As for pseudo-acne fulminans, which is more common in men, Dr Baldwin mentioned, “Those people who have severe inflamed acne and in patients with a lot of truncal involvement, there's the absence of systemic signs or symptoms of traditional acne fulminans and scarring is virtually a guarantee.” To treat pseudo-acne fulminans, Dr Baldwin recommended avoiding it all together by starting high-risk patients on low doses and prednisone. To manage pseudo-acne fulminans, she recommended:
- Stop or cut the isotretinoin dose by 50%
- Add prednisone 1 mg/kg
- Use trimethoprim-sulfamethoxazole in variations
- Slowly reinstitute isotretinoin
Dr Baldwin then covered treating severe acne in female patients during pregnancy. Some of the options she suggested include:
- Topical medications
- Metronidazole, azelaic acid, clindamycin, erythromycin, salicylic acid (category C)

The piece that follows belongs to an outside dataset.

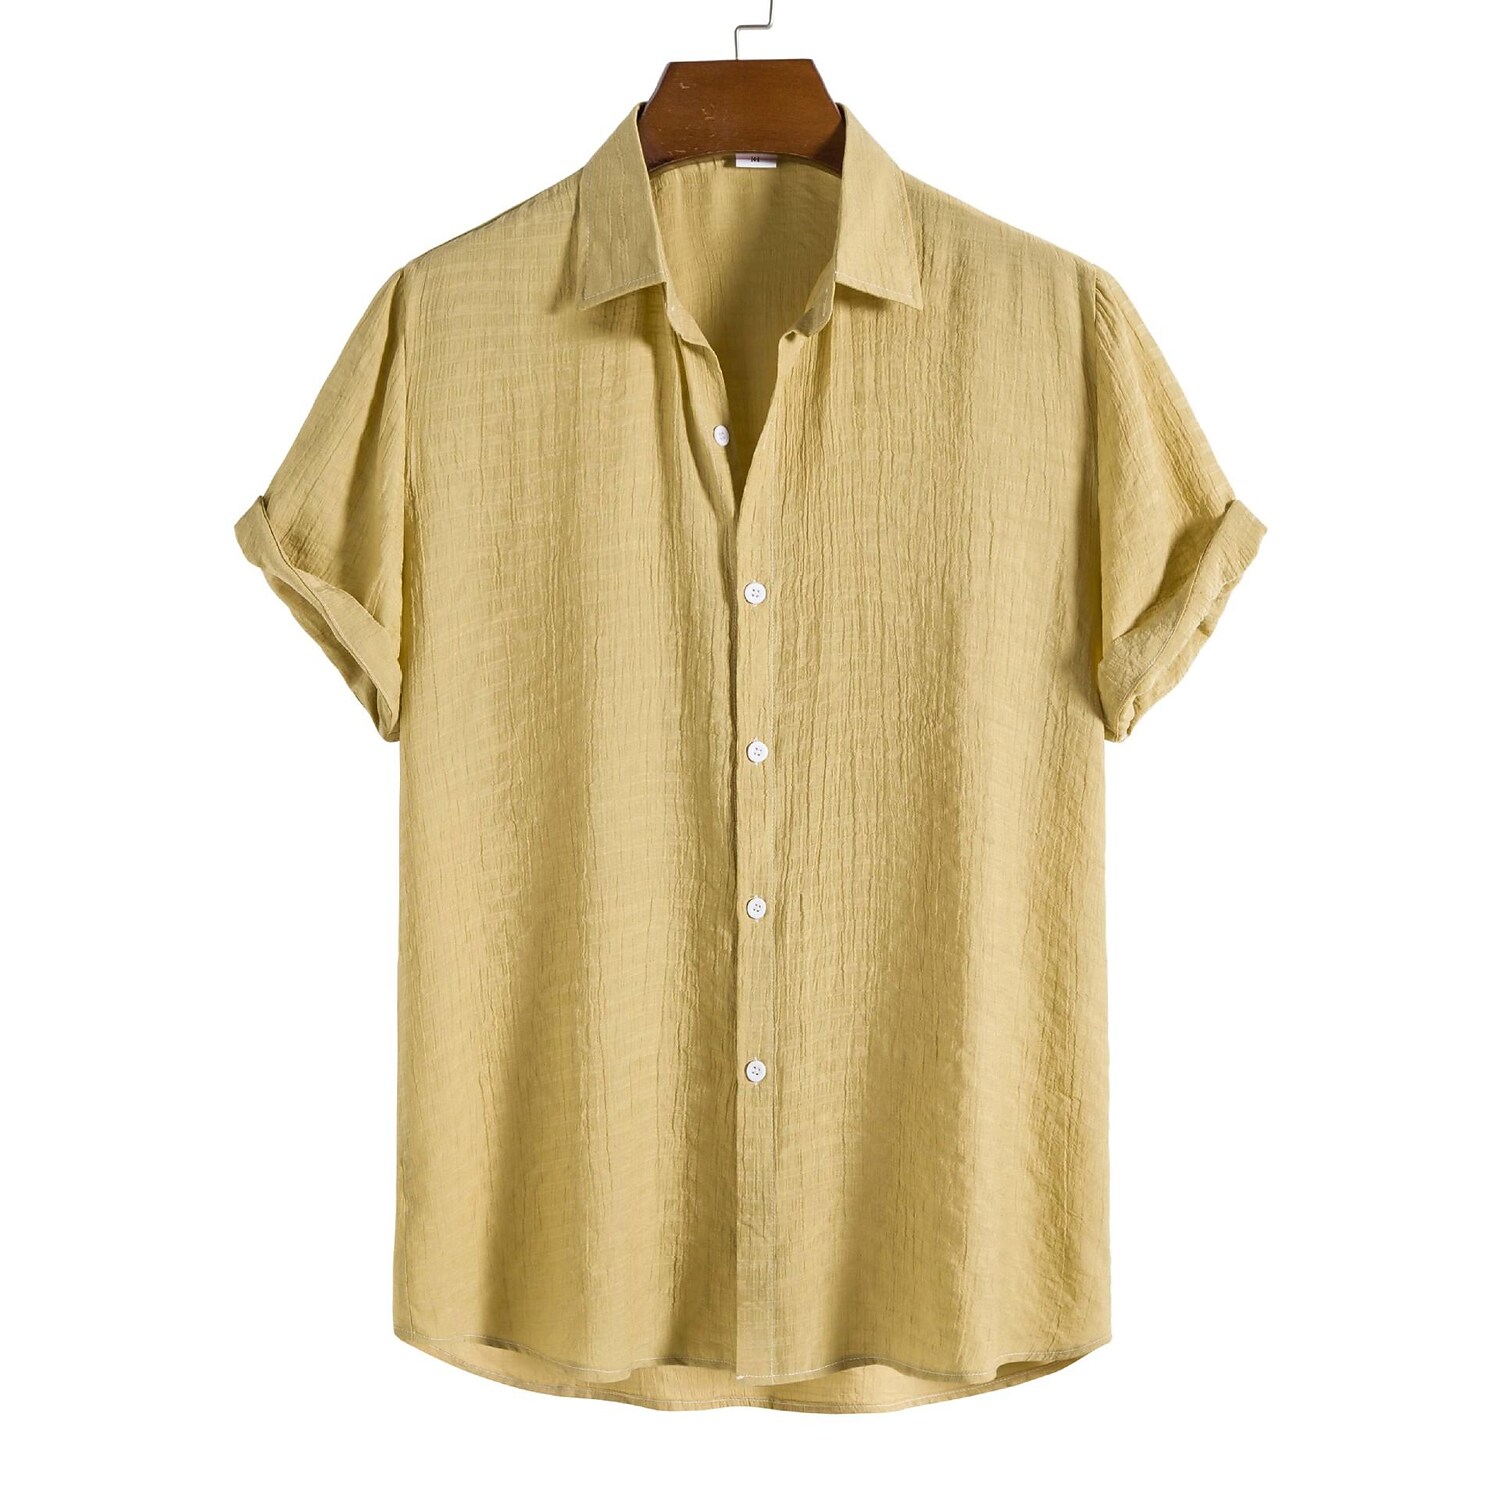 Men's Solid Color Textured Short-sleeved Shirt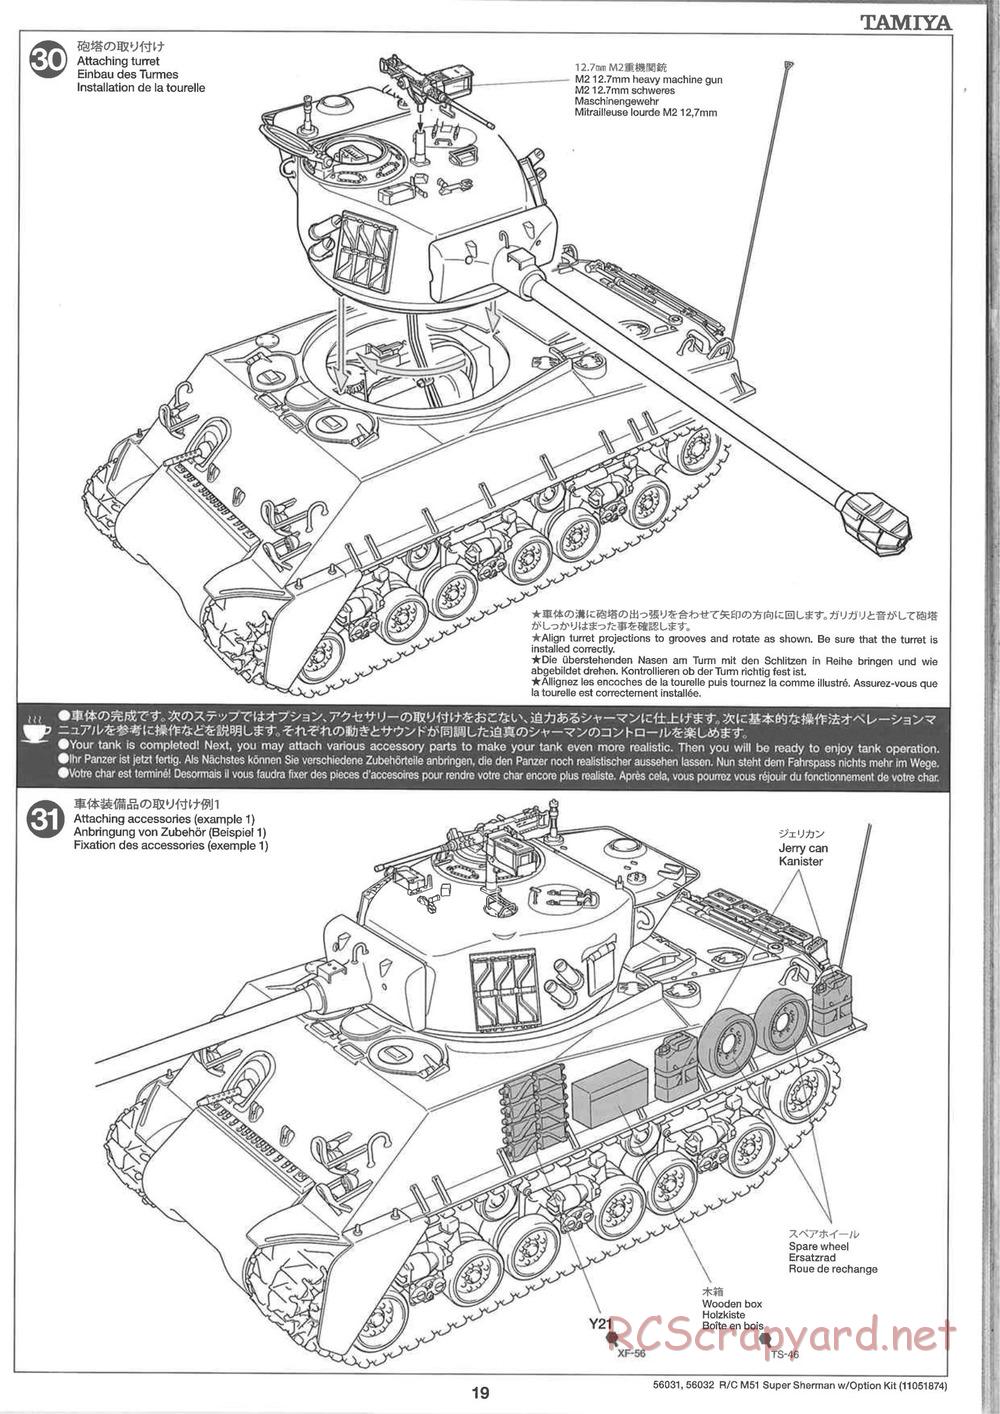 Tamiya - Super Sherman M-51 - 1/16 Scale Chassis - Manual - Page 19

- Benzoyl peroxide (category C): 5% absorbed, immediately metabolized into benzoic acid, rapidly cleared
- Oral medications
- Azithromycin, amoxicillin, cephalexin, erythromycin
- Metformin
- Prednisone
- Procedural
- Laser and light
- Photodynamic therapy (aminolevulinic acid is category C)
For isotretinoin treatment in patients with inflammatory bowel disease (IBD), Dr Baldwin presented several case studies:
- Case-control study: minimal, dose-dependent risk of ulcerative colitis, not Crohn disease
- 4 large case-control and cohort studies: no link with IBD
- Mayo Clinic: reduced incidence of IBD
- Meta-analysis of 9.7 million pooled patients: no link with IBD
Next, Dr Baldwin discussed isotretinoin treatment in patients with depression. One conclusion was that isotone does not appear to be associated with depression. “The treatment of acne appears to actually ameliorate depressive symptoms.” Whereas in another meta-analysis and systemic review of 20 studies, “the conclusion of the authors was that use of isotretinoin is actually associated with significantly improved depressive symptoms.”
Lastly, Dr Baldwin discussed treating acne during lactation. All topical products appear to be safe, along with metformin and laser and light. The following antibiotics are considered safe during lactation:
- Erythromycin – “for short periods”
- Azithromycin – longer half life
- Clindamycin – 1 case bloody stools, unrelated
- Trimethoprim/sulfamethoxazole – after 2 months of age
- Penicillin
- Cephalosporins
- Tetracycline
- Doxycycline/minocycline – lipophilic, toxicity possible
Reference
Baldwin H. Challenging acne cases. Presented at: Dermatology Week 2022; September 14-17, 2022; Virtual.